In this study, the arc-based additive manufacturing of the aluminum alloy AlMg5Mn was investigated. The controlled and energy-reduced short arc technology in form of the CMT process and its variations, CMT-advanced and CMT-pulse advanced, were applied for this purpose.
In the preliminary tests, the different arc modes CMT, CMT-ADV and CMT-PADV were examined and their influence on the energy input, the near-net shape and the porosity were analyzed by varying the welding speed. For this reason, small volume wall structures were generated. Furthermore, the influence of the number and the ratio of different pole changing cycles in the CMT-ADV process was part of the investigations. Different strategies to avoid the bonding defects and to improve the final contour proximity while reducing porosity were investigated. For this purpose, the welding speed, the wire feed and the shielding gas composition were varied. Compared to the reference structure, only one buildup strategy was able to achieve a simultaneous increase in the final contour proximity and the reduction of porosity. For this purpose, the welding speed was reduced by 50% in the first layer and a mixture of 70% argon and 30% helium instead of pure argon was used within the first two layers.
Subsequently, in the main trials, three large volume wall structures with a total height of 110 mm were built up layer by layer using the arc modes CMT, CMT-ADV and CMT-PADV, and then analyzed regarding geometric properties, porosity, microstructure and mechanical properties tensile strength and hardness. The results are summarized as follows:
  • With CMT-PADV, structures with the least surface irregularity and the highest material utilization in cross-section could be manufactured.
  • With the CMT-ADV process, the most homogeneous wall structure height could be produced, i.e., the wall drop at the beginning or end of the structure is the lowest.
  • The differences in energy input result in shorter cooling times for the CMT-ADV and the CMT-PADV arc mode during the buildup process.

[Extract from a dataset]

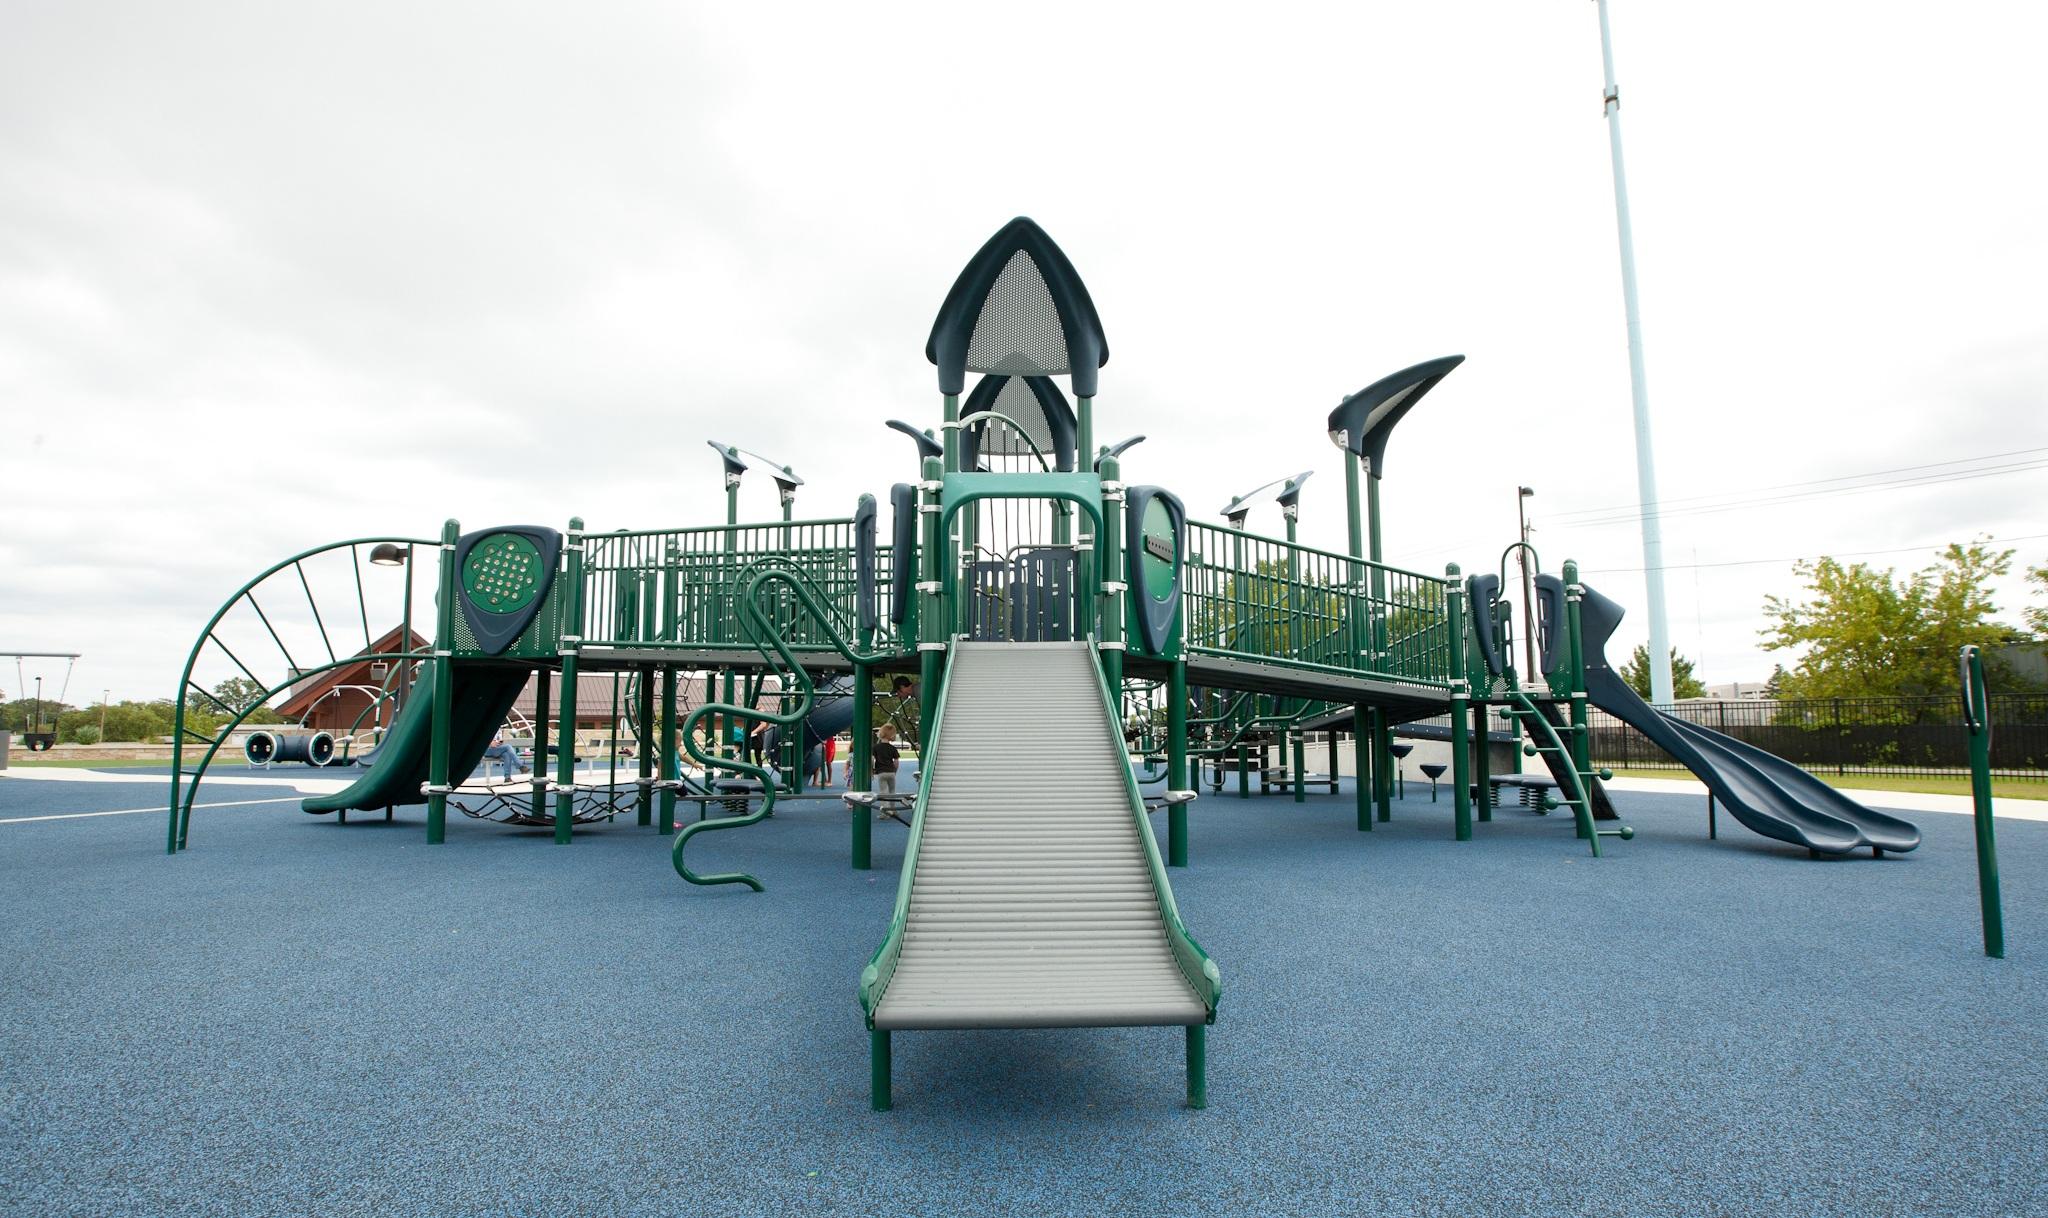 Richard E. Maslowski Park - Glendale

As a result, the buildup time could be reduced by approx. 22% for the CMT-ADV process and by 33% for the CMT-PADV process compared to the standard CMT process. In addition to the technical or material advantages, this results in a further economic advantage when using the CMT process variations by reducing the buildup time.
  • A strong correlation between the microstructure and the energy input with regard to both the grain size and porosity was shown. The CMT-PADV process achieved the lowest energy per unit length of 1.44 kJ/cm and thus had the finest grain structure. The porosity was reduced to 0.06%.
  • Regarding the hardness in the direction of the buildup, a slight influence of the applied arc mode could be determined. This was in the range of 81.4 HV1 for the CMT and 85 HV1 for the CMT-PADV. Accordingly, the hardness increased slightly with the reduced energy input.
  • About the tensile strength tests, it was shown that the characteristic values fluctuated in the horizontal direction by the value of 294 ± 2 MPa, independent of the arc mode. Due to the porosity concentrating at the layer boundaries, anisotropic properties between the horizontal and the vertical loading direction were observed in the CMT and the CMT-ADV processes. The tensile strength was 26.4 and 19.8 MPa lower in the vertical direction, respectively. In the CMT-PADV mode, an almost isotropic behavior could be concluded with tensile strengths of 294.5 MPa in the horizontal direction and 292.3 MPa in the vertical direction. This was attributed to the lowest porosity and the finest grain structure.

Author Contributions

Conceptualization, M.G. and P.H.; investigation, P.H., Y.A. and J.S.; methodology, P.H., Y.A. and J.S.; project administration, J.P.B.; supervision, J.P.B.; writing—original draft, M.G. All authors have read and agreed to the published version of the manuscript.

Funding

This research received no external funding.

Conflicts of Interest

The authors declare no conflict of interest.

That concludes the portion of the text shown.